» Your goal: When you reach the line containing "Anna Andreu i" in the entries below, start writing out each line exactly, and stop after the line containing "Kimono terms - parts".

» Data records:
━━━
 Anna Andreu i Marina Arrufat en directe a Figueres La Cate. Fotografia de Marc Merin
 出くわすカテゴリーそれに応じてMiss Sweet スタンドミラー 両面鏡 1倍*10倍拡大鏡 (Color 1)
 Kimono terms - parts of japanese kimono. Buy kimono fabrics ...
━━━
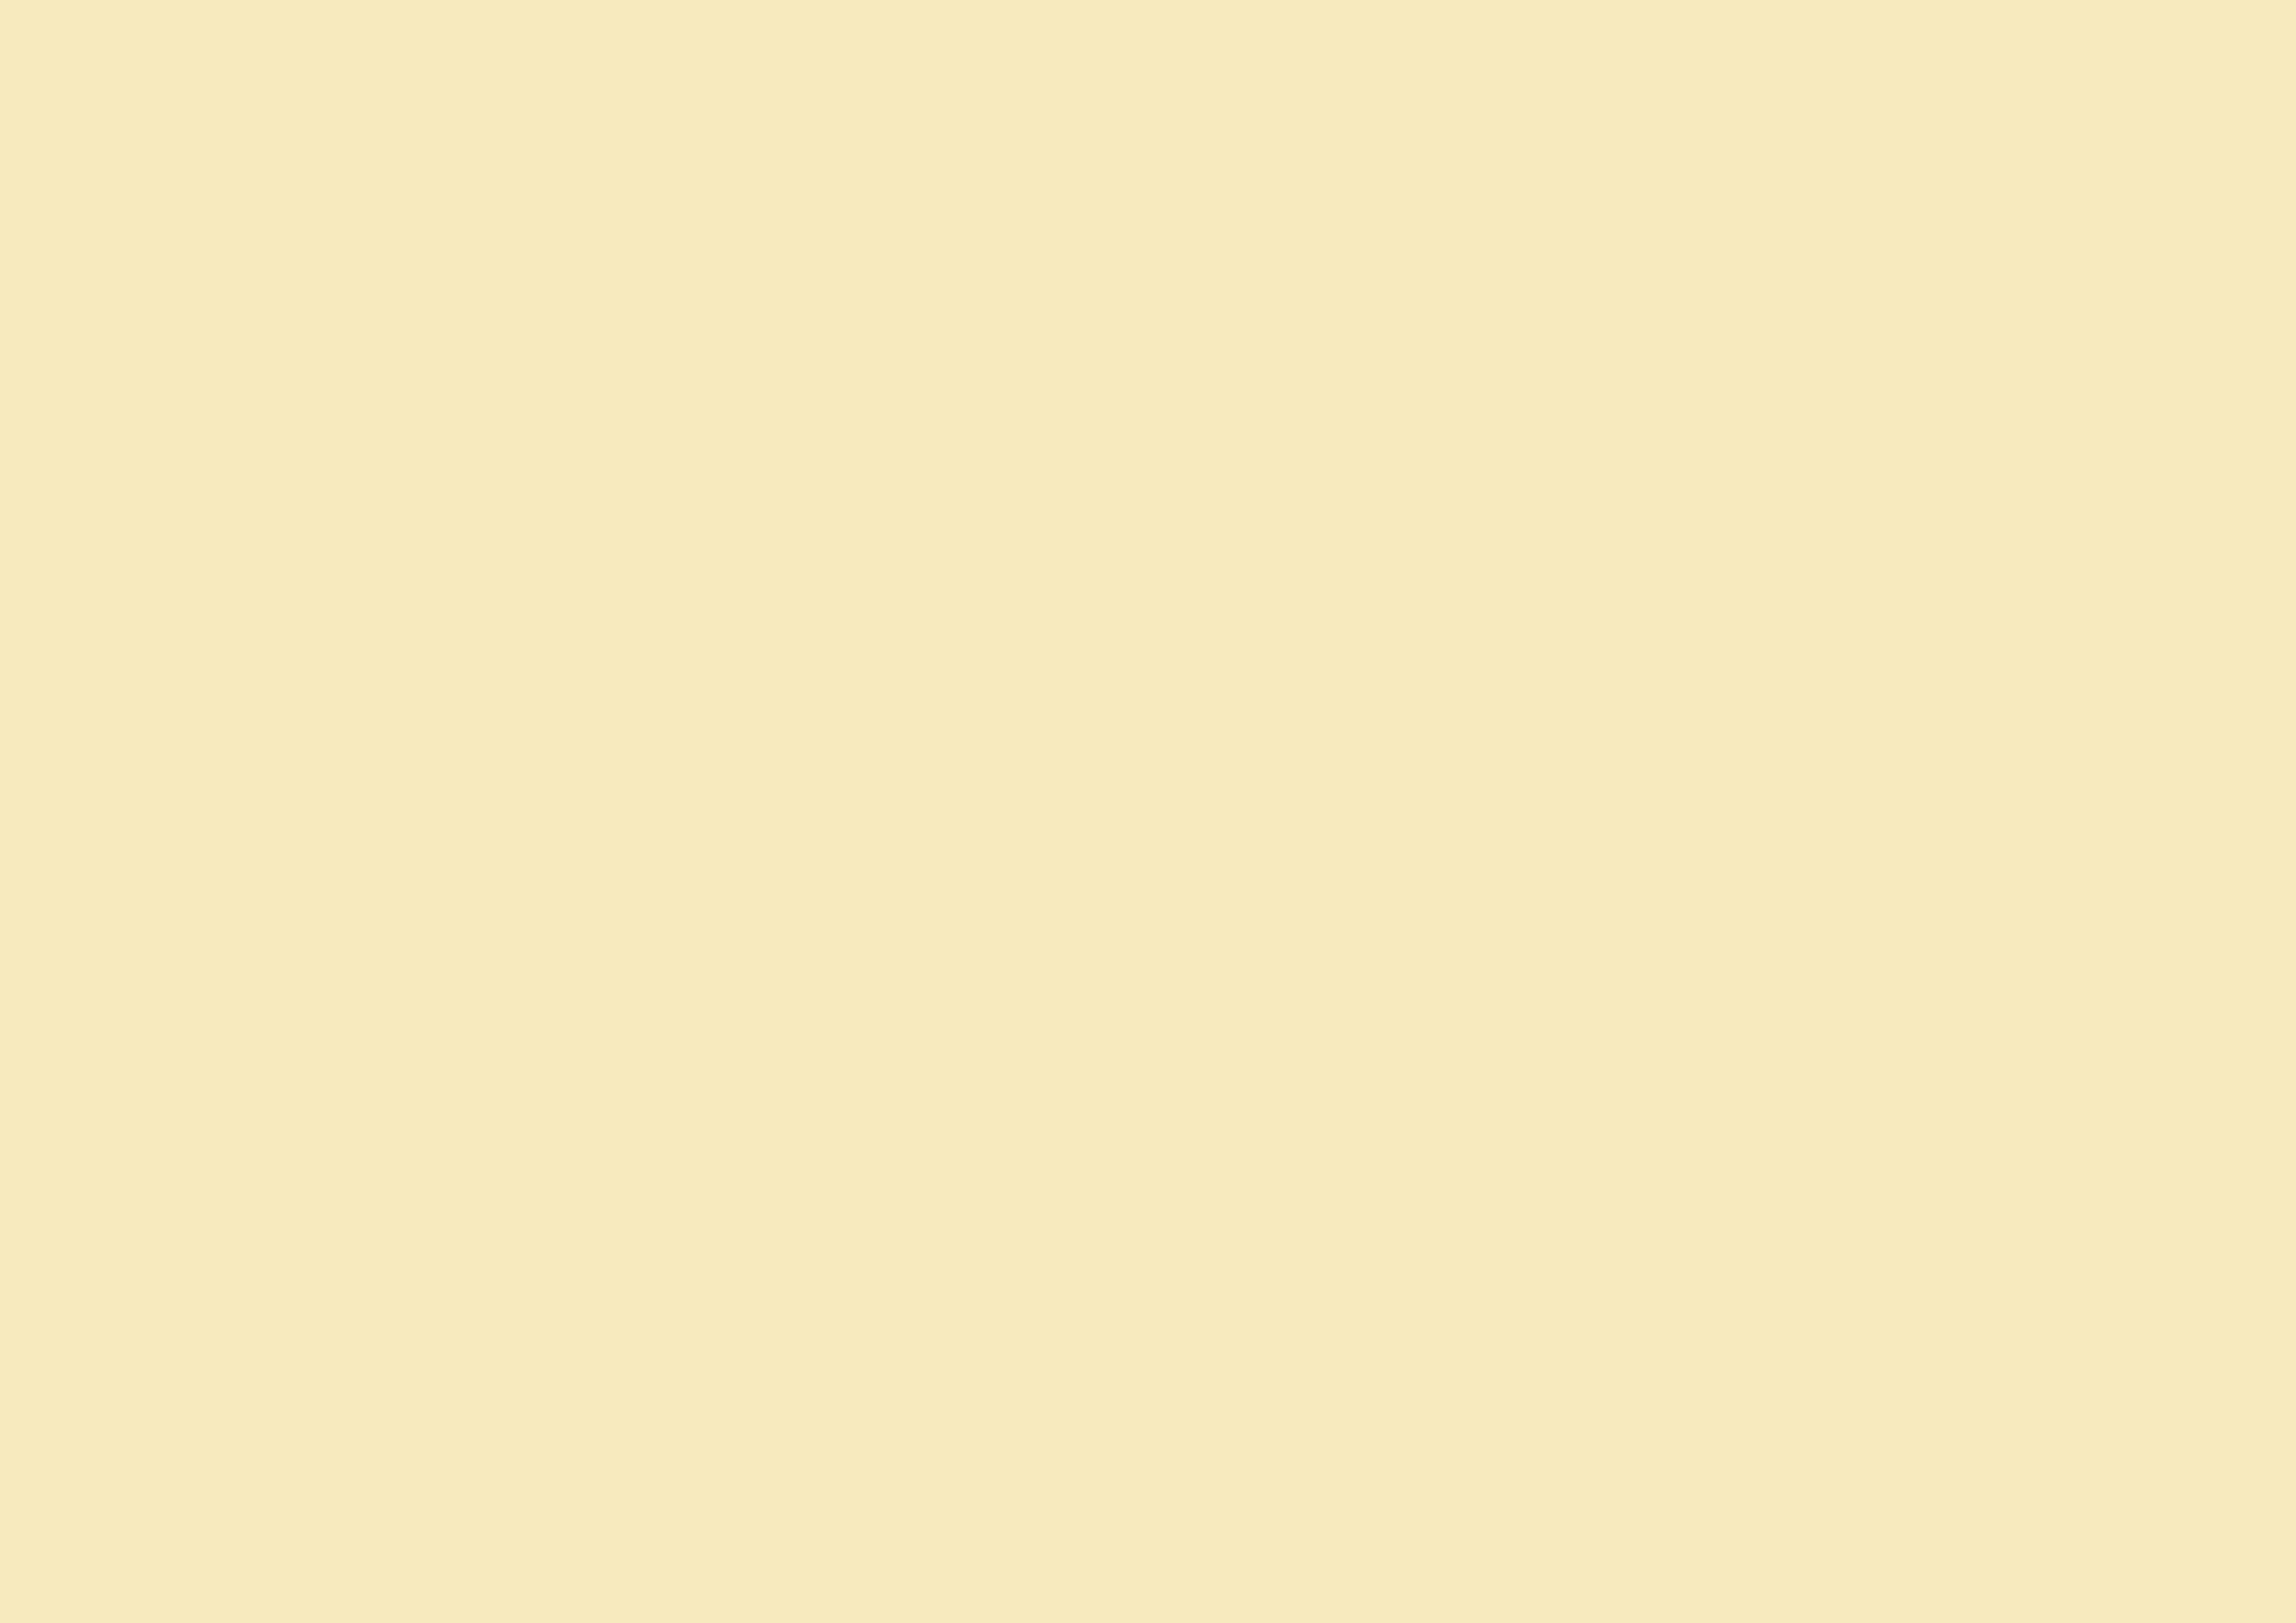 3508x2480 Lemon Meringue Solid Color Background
━━━
» Written reply:
 Anna Andreu i Marina Arrufat en directe a Figueres La Cate. Fotografia de Marc Merin
 出くわすカテゴリーそれに応じてMiss Sweet スタンドミラー 両面鏡 1倍*10倍拡大鏡 (Color 1)
 Kimono terms - parts of japanese kimono. Buy kimono fabrics ...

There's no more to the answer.